Under the leadership of Drs. Elizabeth Robertson and Eve Reider, the Prevention Research Branch focuses on developing, testing, and applying interventions to deter drug use initiation or progression to abuse and dependence, as well as the transmission of HIV among drug-using populations.

The branch's current projects include several that address the well-documented link between aggressive behavior in a child's early school years and increased risk of problems later in life. "These are the kids who are alienated from classmates as soon as they start school," Dr. Compton says. "They fall in with other children who are at risk and adopt behaviors that make drug abuse more likely." The branch oversees research on programs designed to reduce aggressive behavior and facilitate children's effective functioning in school right from the start. The results indicate that interventions limited to high-risk children and interventions delivered to all children in a school regardless of their risk status can both be effective.

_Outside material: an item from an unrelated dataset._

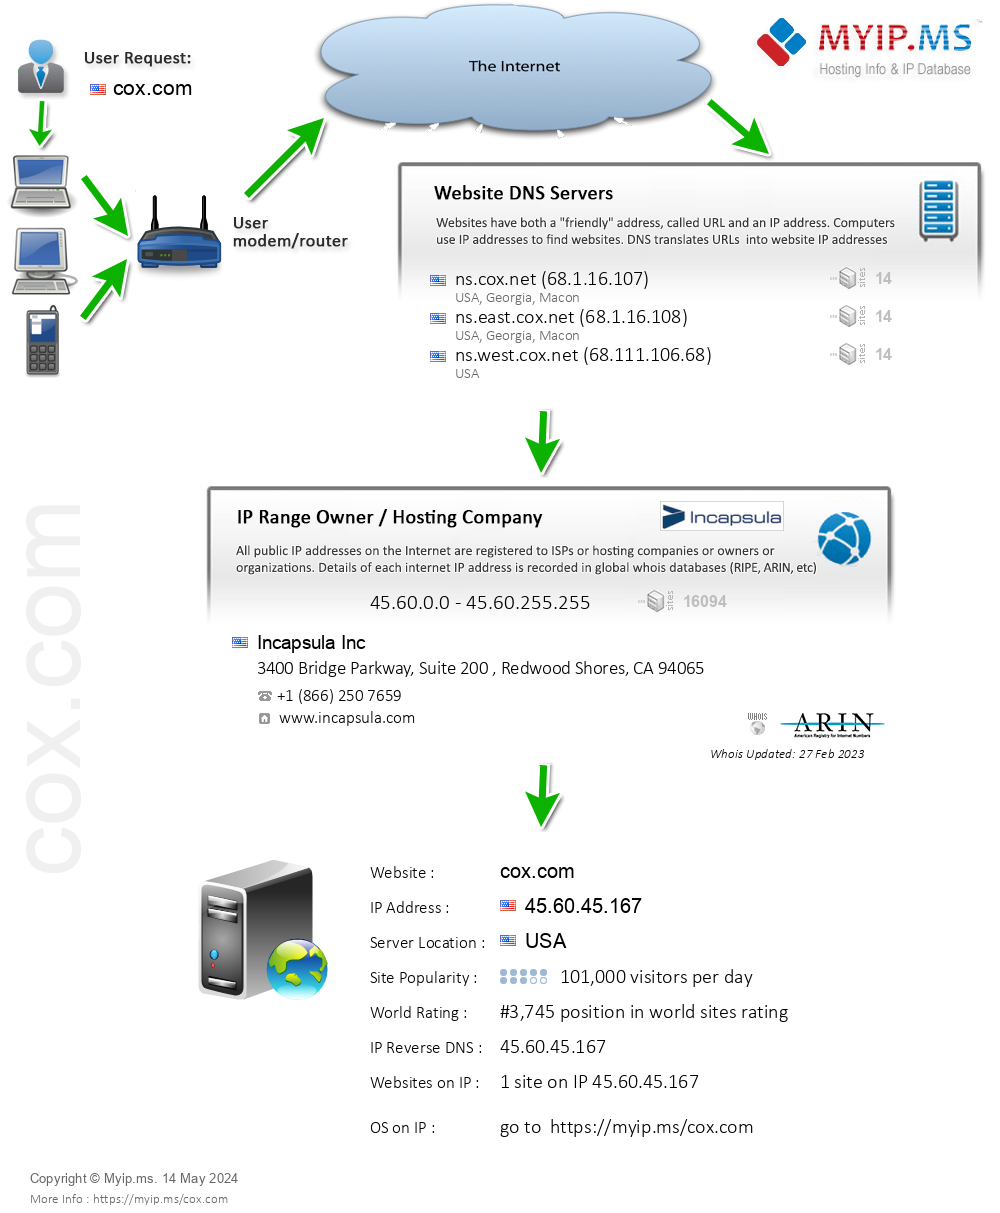 Cox.com - Website Hosting Visual IP Diagram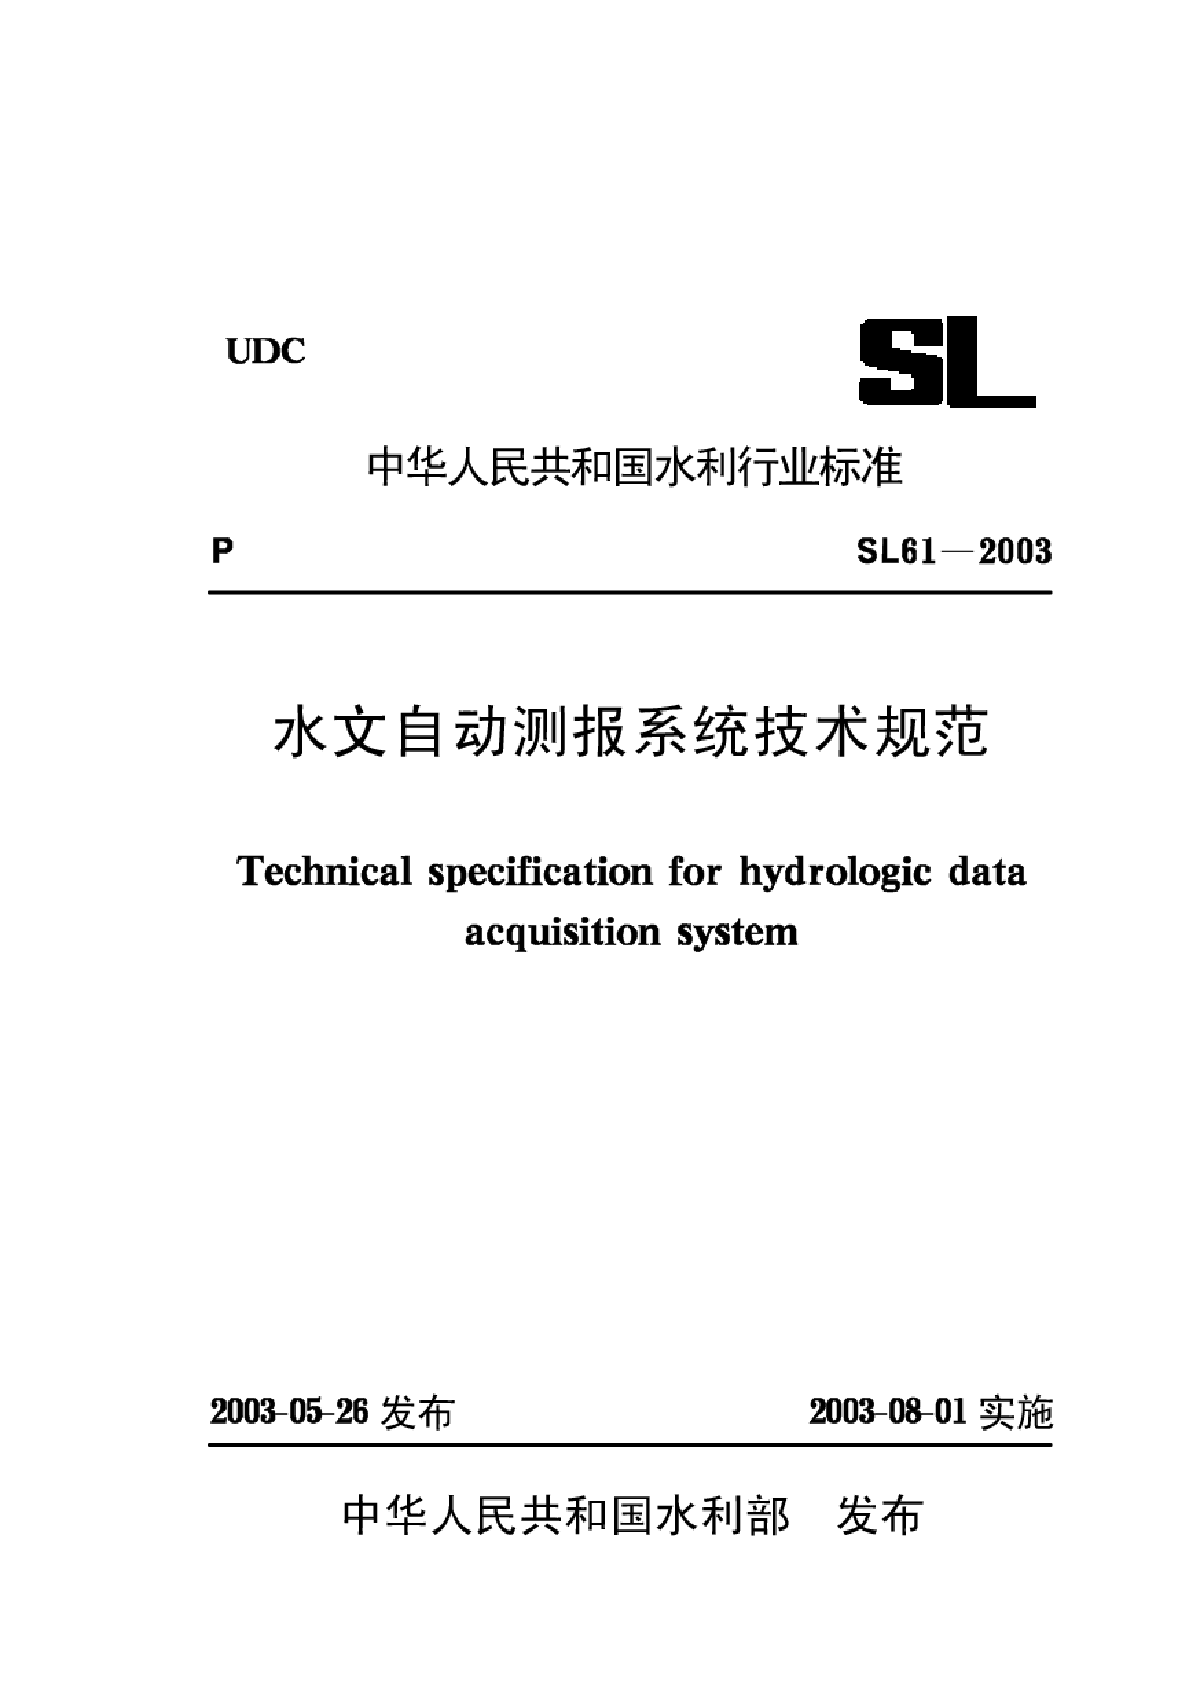 03水文自动测报系统技术规范【SL61-2003】

Challenges Across the Branches

DESPR also studies the interplay between drug use and other problems, such as mental or psychological disorders and HIV infection. These challenges involve all of the division's branches. "Human behavior is multifaceted and complex. Problem behaviors are not isolated factors that can be addressed in a vacuum," Dr. Compton says.

All three DESPR branches address the challenge of improving strategies for reducing HIV among drug abusers and their contacts. NIDA-funded research supervised by the Prevention Research Branch, for example, demonstrated that peer-educator outreach and the distribution of sterile injection equipment can lower the incidence of HIV infection. That 3-year study took place along the China-Vietnam border.

In a study overseen by the Epidemiology Research Branch, researchers at Yale University concluded that the public health and economic benefits of routine HIV testing in many medical settings would far outweigh the costs. Implementation of such testing may be more acceptable to the public than previously because stigmatization of infected individuals has eased.

A project under the auspices of the Services Research Branch showed that over more than a decade, outpatient drug treatment programs increasingly provided HIV testing and related services, but there is still a distance to go. "We know everyone entering drug treatment should be tested for HIV," Dr. Compton says, "but that is not happening yet."